Schéma national des violences urbaines : les journalistes doivent pouvoir exercer leur mission

COMMUNIQUE INTERSYNDICAL SNJ / SNJ-CGT / CFDT-Journalistes / SGJ-FO

Depuis quelques jours, l’ensemble de la profession dénonce le Schéma national des violences urbaines (SNVU), publié cet été en catimini par le ministère de l’Intérieur et la police nationale.

Alors que la liberté de la presse est sacralisée dans la Constitution, le SNVU  enfonce un sérieux coin contre l’exercice de la profession de journaliste et la liberté d’informer et d’être informé. Une phrase saute aux yeux en page 4 : « La prise en compte du statut des journalistes telle que consacrée par le schéma national du maintien de l’ordre, ne trouve pas à s’appliquer dans un contexte de violences urbaines »
En somme, les journalistes c’est : circulez, il n’y a rien à voir ! 
Très vite, des organisations syndicales représentatives de la profession et la Ligue des Droits de l’Homme ont mandaté les cabinets Spinosi et Coudray, qui ont déposé jeudi une requête en urgence devant le Conseil d’Etat.

A quelques jours de mobilisations annoncées en France les 10 et 18 septembre, la volonté manifeste d’écarter les journalistes d’opérations de violences urbaines est vécue comme une provocation par l’ensemble de la profession. Le ministère de l’Intérieur et la police nationale effectuent un rétropédalage en parlant d’une « maladresse ». Les services communication nous jurent, main sur le coeur, de ne pas avoir été au courant de ce document. Mais comment est-ce possible ?

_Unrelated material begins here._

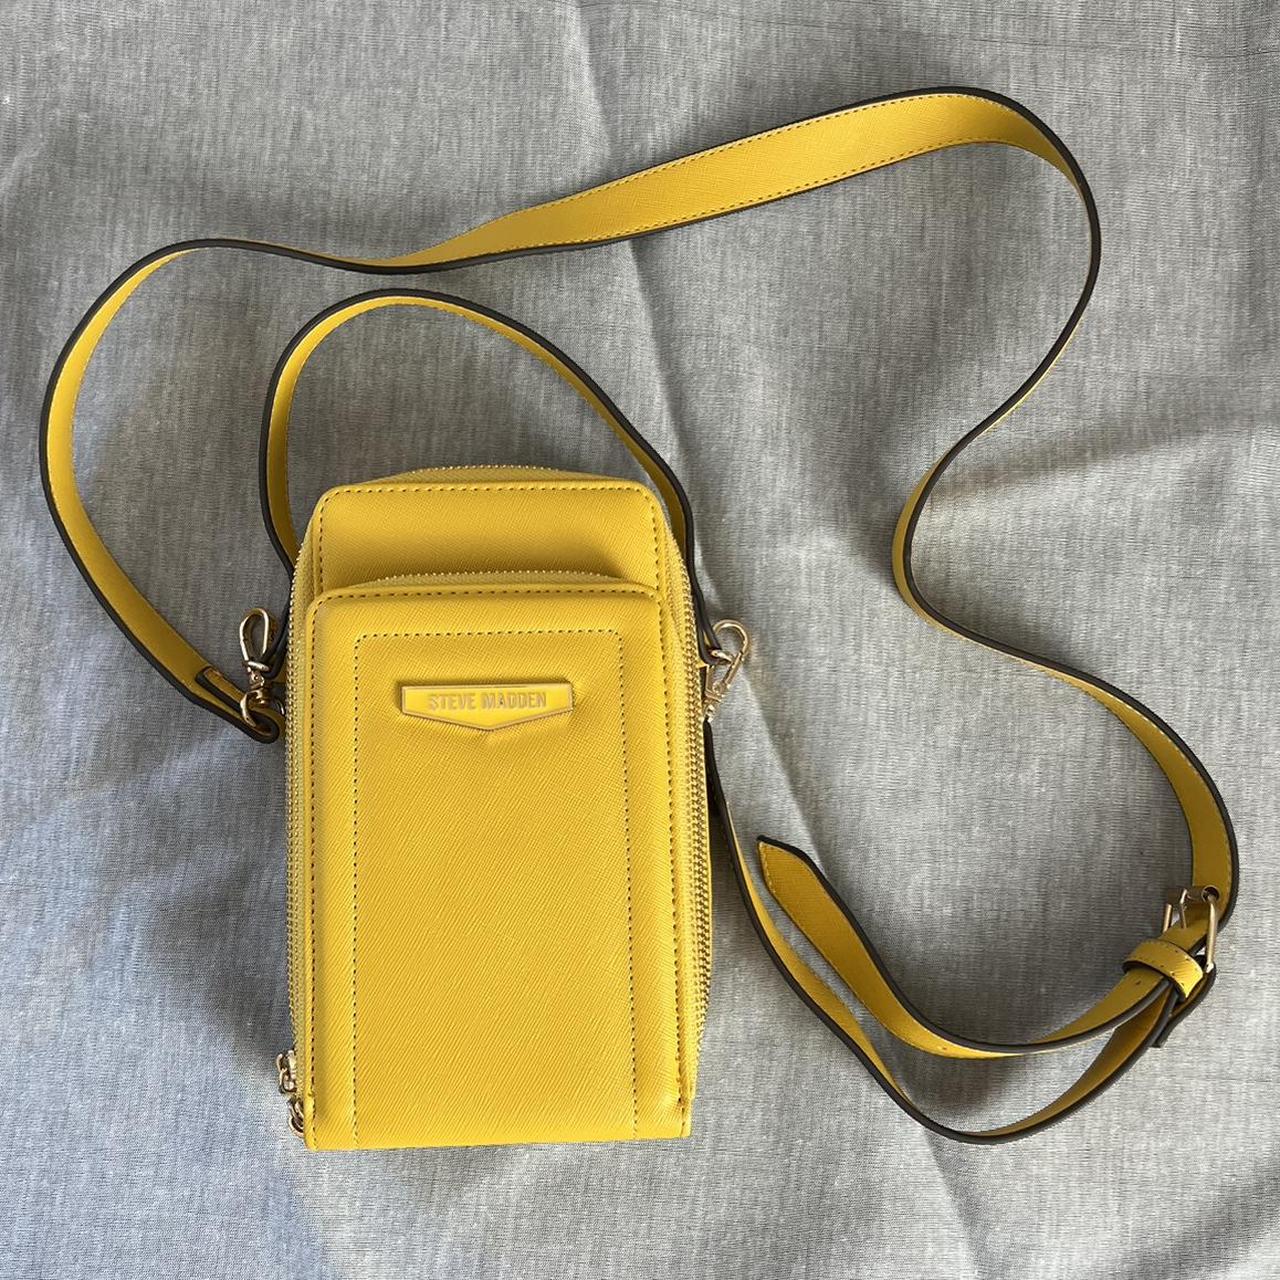 Steve Madden Cross-body Bag in Yellow

Le groupe de contact doit se réunir en urgence mardi prochain. 
Ce groupe de contact, qui est l’une des préconisations du rapport Delarue, décortique les entraves à la liberté d’informer et d’être informé, en réunissant des responsables communication du ministère de l’Intérieur, de la préfecture de police de Paris, de la gendarmerie, de la police nationale, l’administration du ministère de la Culture, RSF, des organisations patronales et les organisations syndicales représentatives de journalistes.  

L’intersyndicale SNJ – SNJ-CGT- CFDT-Journalistes et SGJ-FO répondra à l’invitation du groupe de contact du 9 septembre et tient à faire savoir qu’elle ne lèvera aucune de ses requêtes devant la justice tant qu’elle n’aura pas l’assurance que les journalistes pourront exercer leur mission d’informer lors de tout événement, éventuelles violences urbaines comprises.

L’intersyndicale tient à faire savoir au ministère de l’Intérieur et à la police nationale qu’il y a un problème de fond comme de forme. L’intersyndicale insiste auprès du ministère de l’Intérieur et de la police nationale pour qu’ils publient un écrit officiel qui rappelle le rôle indispensable des journalistes dans une démocratie digne de ce nom.

Tout journaliste doit pouvoir relater les faits, rien que les faits, lors de violences urbaines ou d’occupations illicites (aéroports, gares, etc.). Des règles ont été fixées pour l’identification des journalistes dans les manifestations : la carte de presse CCIJP (la Commission de la carte), la carte de presse internationale de la Fédération internationale des journalistes (FIJ) ou une attestation signée par l’employeur (un journal, une agence de presse, une entreprise de production, etc.) permettent aux forces de l’ordre de savoir qui est journaliste sur le terrain. Elles ne doivent pas être remises en cause.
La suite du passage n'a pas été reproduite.